Author: Katie Petersen

PhD student, German

anagumakate[at]gmail.com

 

            Intercultural literature is closely related to migrant and migration literature, the latter often providing examples of the former. Intercultural literature is written by authors whose points of view and/or subject matter are influenced by multiple cultural spaces. Intercultural texts also circulate through, and are relevant to, more than one cultural space; they address multiple ethnicities (Rösch, 2004, 98). The term intercultural – imbued as it is with connotations of exchange and dialogue – implies that this is literature which may serve an intermediary or ambassadorial purpose, whether intentionally or not. However, there is more to intercultural literature than simply providing accounts of “other” cultural experiences; it does not simply reflect the experiences of migration, the seeking of asylum, and repatriation (Chiellino, 2007, VIII). Instead of simply mirroring, intercultural literature engages, being both located within, and active in the creation of, discourse.

            Intercultural literature often portrays the formation of a synthesis between multiple cultures and cultural practices.

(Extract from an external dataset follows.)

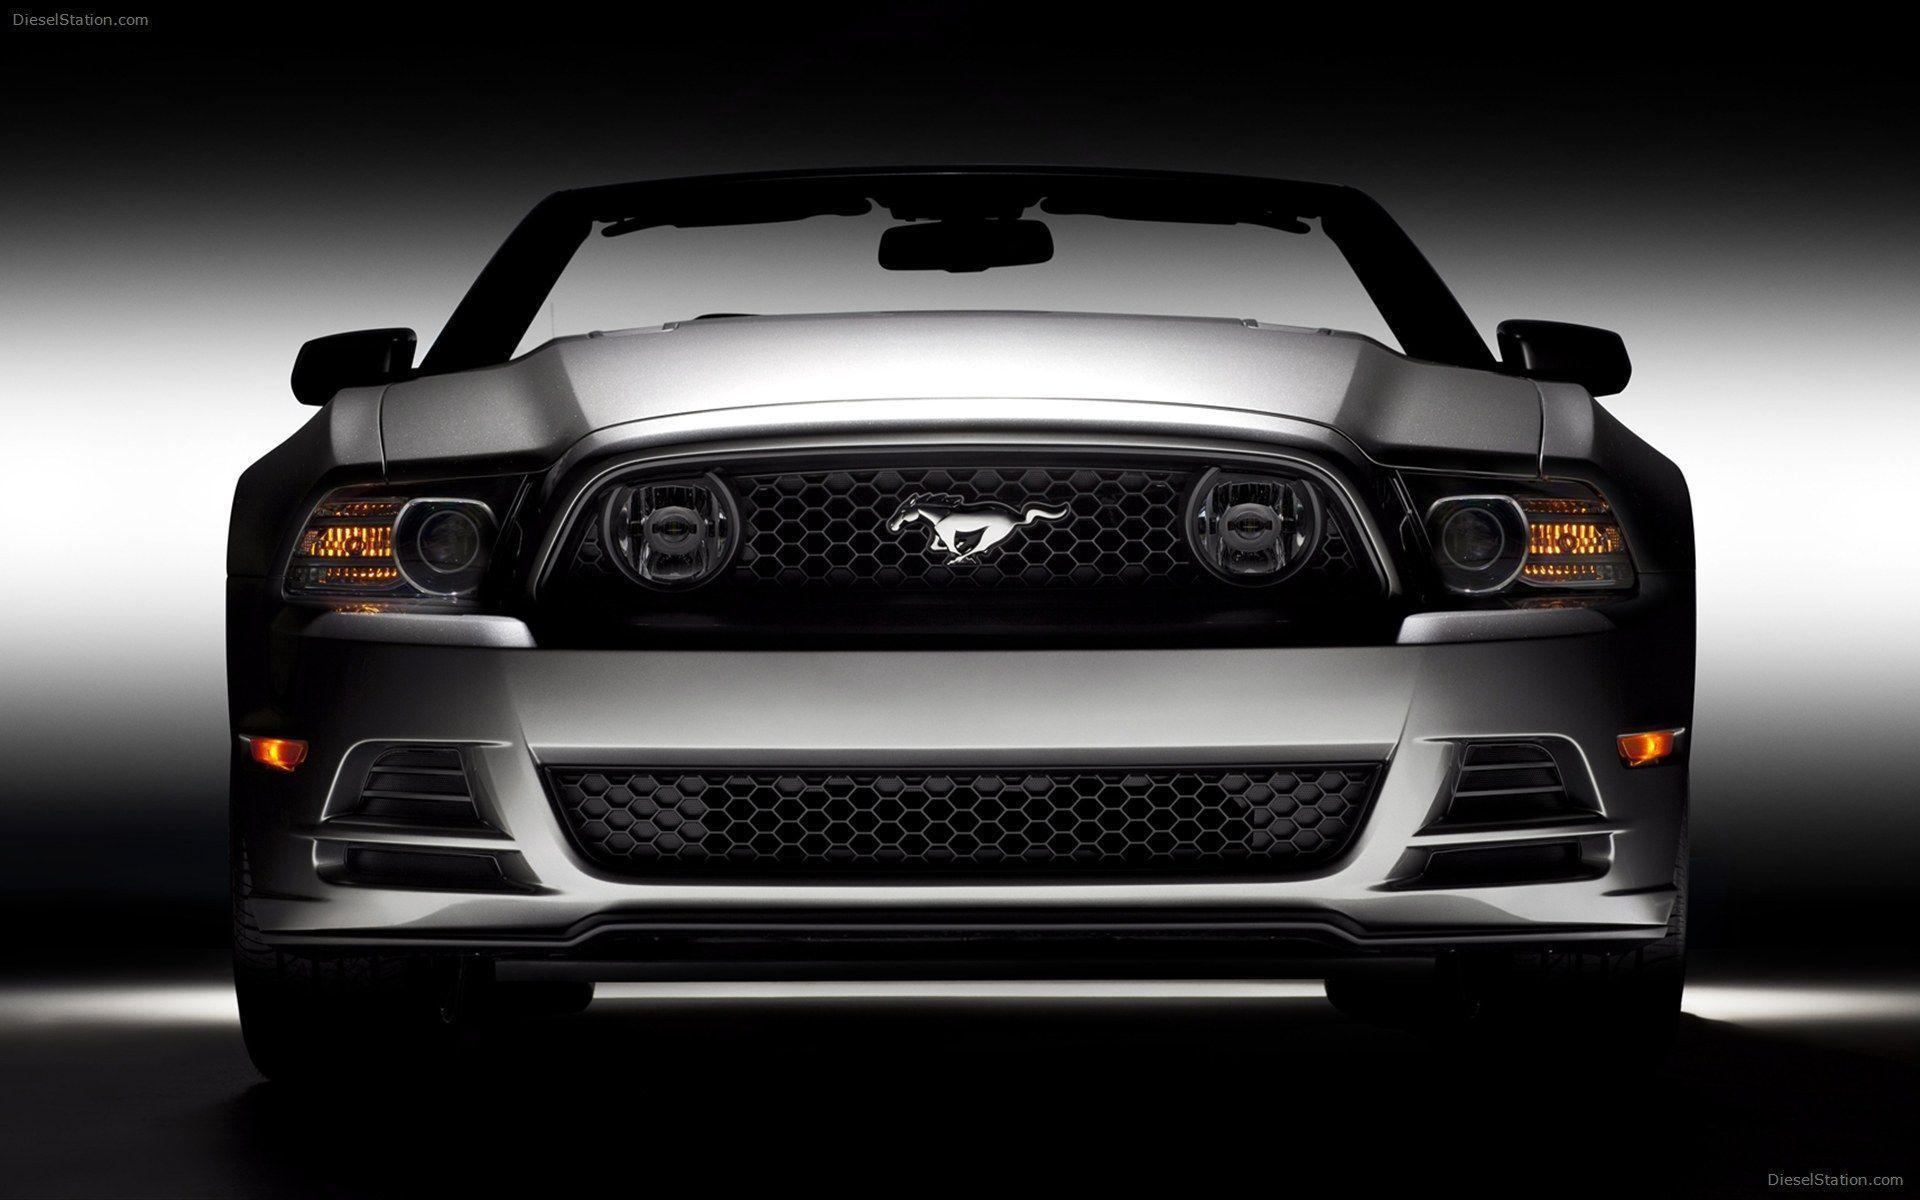 Ford Mustang GT 2013 Widescreen Exotic Car Wallpaper of 50

As such, the challenges of integration are often foregrounded. Because the “foreign” and the “familiar” can only exist in opposition to one another, each making the other possible, engagement with the foreign prompts self-reflection in both reader and writer. The interculturality of literature is significant both on the level of the text and on the level of sociocultural context (von Zimmerman, 8).

            By facilitating and providing a site for exchange between cultures and the examination of both the “foreign” and the “familiar”, intercultural literature often serves as a vehicle for the development of personal and group identities. Cultural differences and processes of identity formation are staged in literature and can thus be experimented with. As a result, borders shift and dissolve and cultural and gender roles change. Intercultural writing can, of course, include a mixture of more than two cultural standpoints and systems of knowledge and manifests itself on both literary and extra-literary levels. The key point is that exchange takes place on multiple levels and results in insights regarding the formation of identity.


Works Cited

 

Chiellino, Carmine (Ed.). Interkulturelle Literatur in Deutschland. Ein Handbuch. Stuttgart: Metzler, 2007.

 

Rösch, Heidi. “Migrationsliteratur als neue Weltliteratur.“ Sprachkunst 35, 2004. 89–109.

 

von Zimmerman, Christian. “Kulturthema Migration und Interkulturelles Schreiben”. recherces germaniques. Ed. Christine Maillard. Revue Annuelle. Serie N˚3, 2006. 7 – 25.